I'm using Visual Web Ripper to extract name and prices on products on a website.
When i extract the price from a table it comes in a form like this:
Kr. 129,30
I need to extract the 129,30, then turn the comma to a dot (129.30).
Visual Web Ripper can use scripts to modify the extracted content. It can use standard Regex, C# and VB.NET.
In the Regex tab I have found that
(\d+.)?(\d+)(.\d+)?
gives me 129,30, but then I can't change the comma into a dot.
Therefor I have to use C#. It comes with this standard script:
using System;
using VisualWebRipper.Internal.SimpleHtmlParser;
using VisualWebRipper;
public class Script
{
//See help for a definition of WrContentTransformationArguments.

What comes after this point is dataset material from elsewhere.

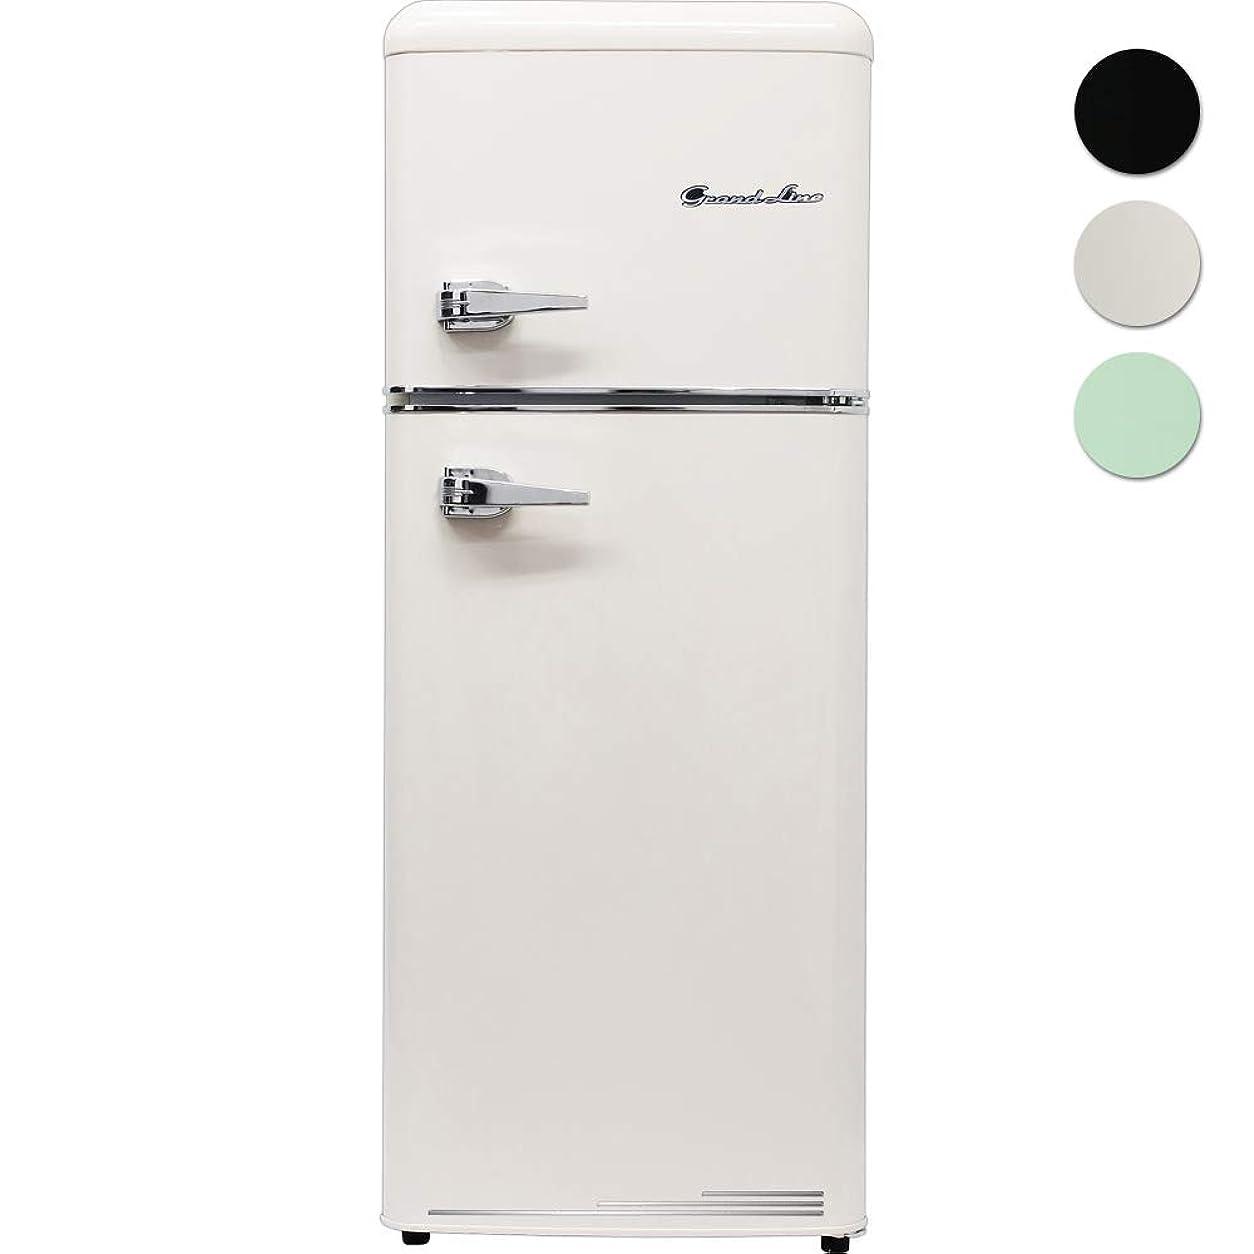 Grand-Line 2ドア レトロ冷凍/冷蔵庫 115L レトロホワイト ARE-115LW
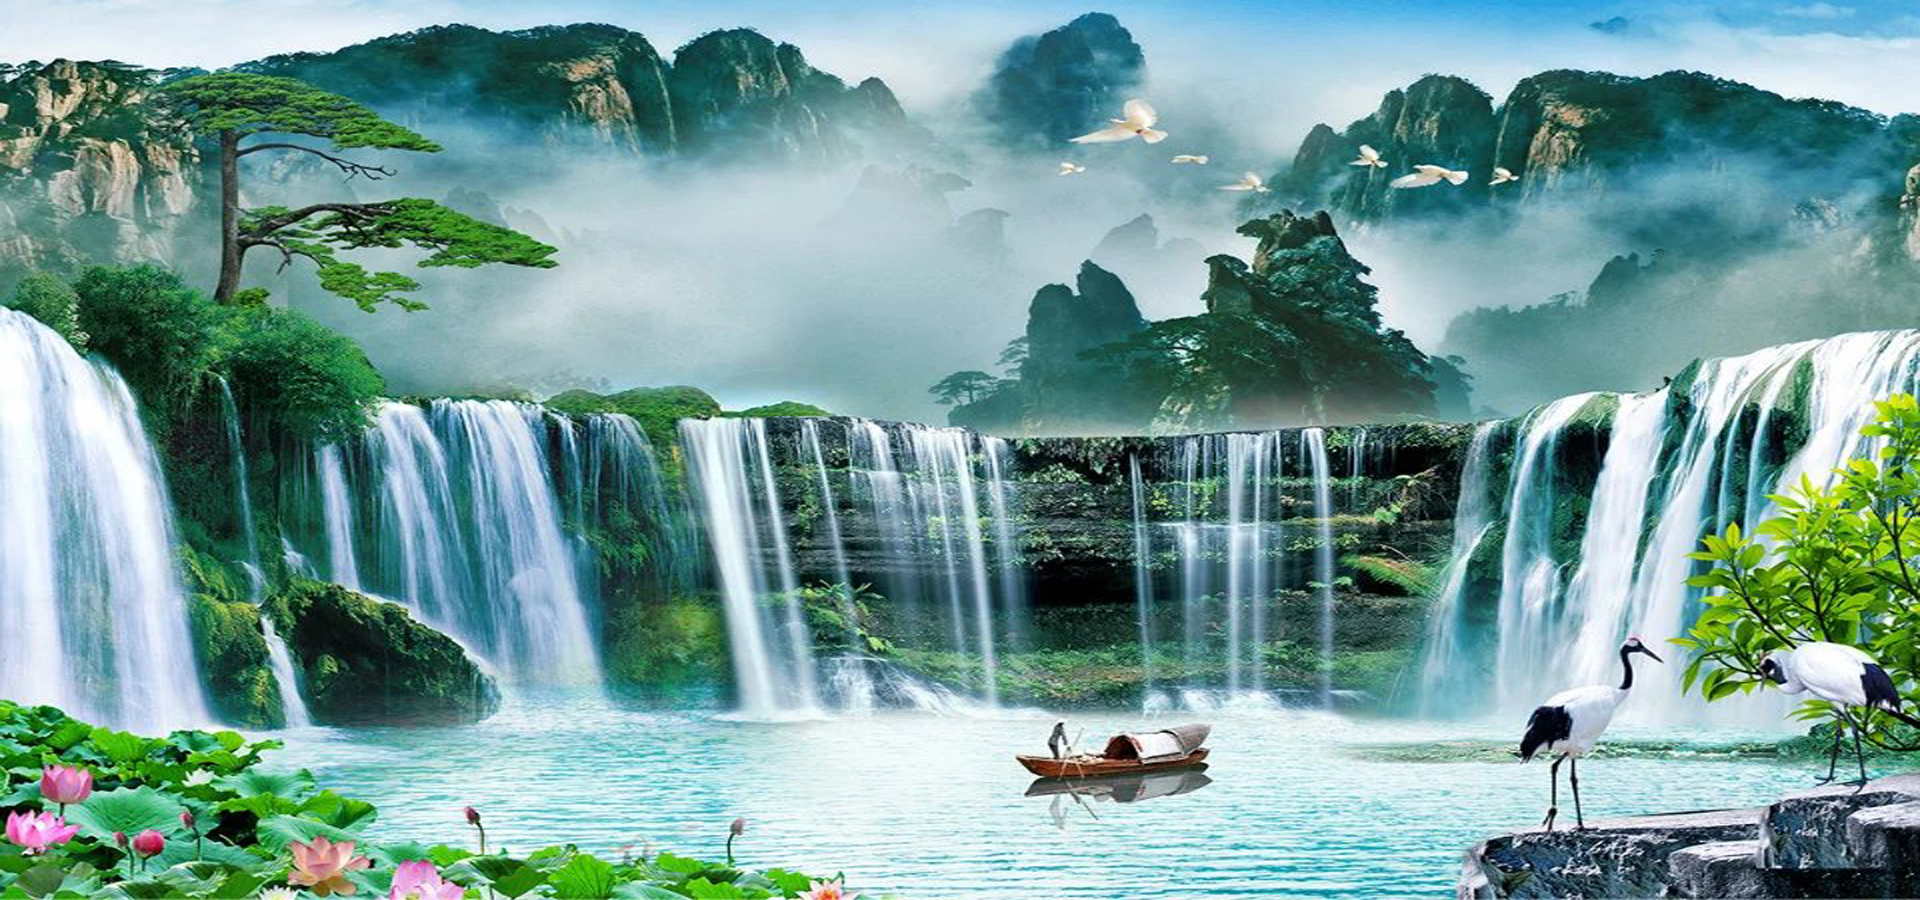 Pinturas de paisajes hermosa cascada piedra imagen de for Cascadas con piedras

public static string TransformContent(WrContentTransformationArguments args)
{
try
{
//Place your transformation code here.
//This example just returns the input data
return args.Content;
}
catch(Exception exp)
{
//Place error handling here
args.WriteDebug("Custom script error: " + exp.Message);
return "Custom script error";
}
}
}
How do I modify it to extract the number then replace the comma with a dot?
This is obviously Krona, so we should use the Swedish culture info to translate it. First we start with the input:
var original = "Kr. 129,30";
Get the culture:
using System.Globalization;
var culture = CultureInfo.GetCultureInfo("sv-SE");
This culture expects the currency string to be kr
(case insensitive) but we have Kr.
. So let's update it:
var format = (NumberFormatInfo)culture.NumberFormat.Clone();
format.CurrencySymbol = "Kr.";
And now the culture aware parse:
var number = Decimal.Parse(original, NumberStyles.Currency, format);
Now number
contains a decimal that has been parsed correctly.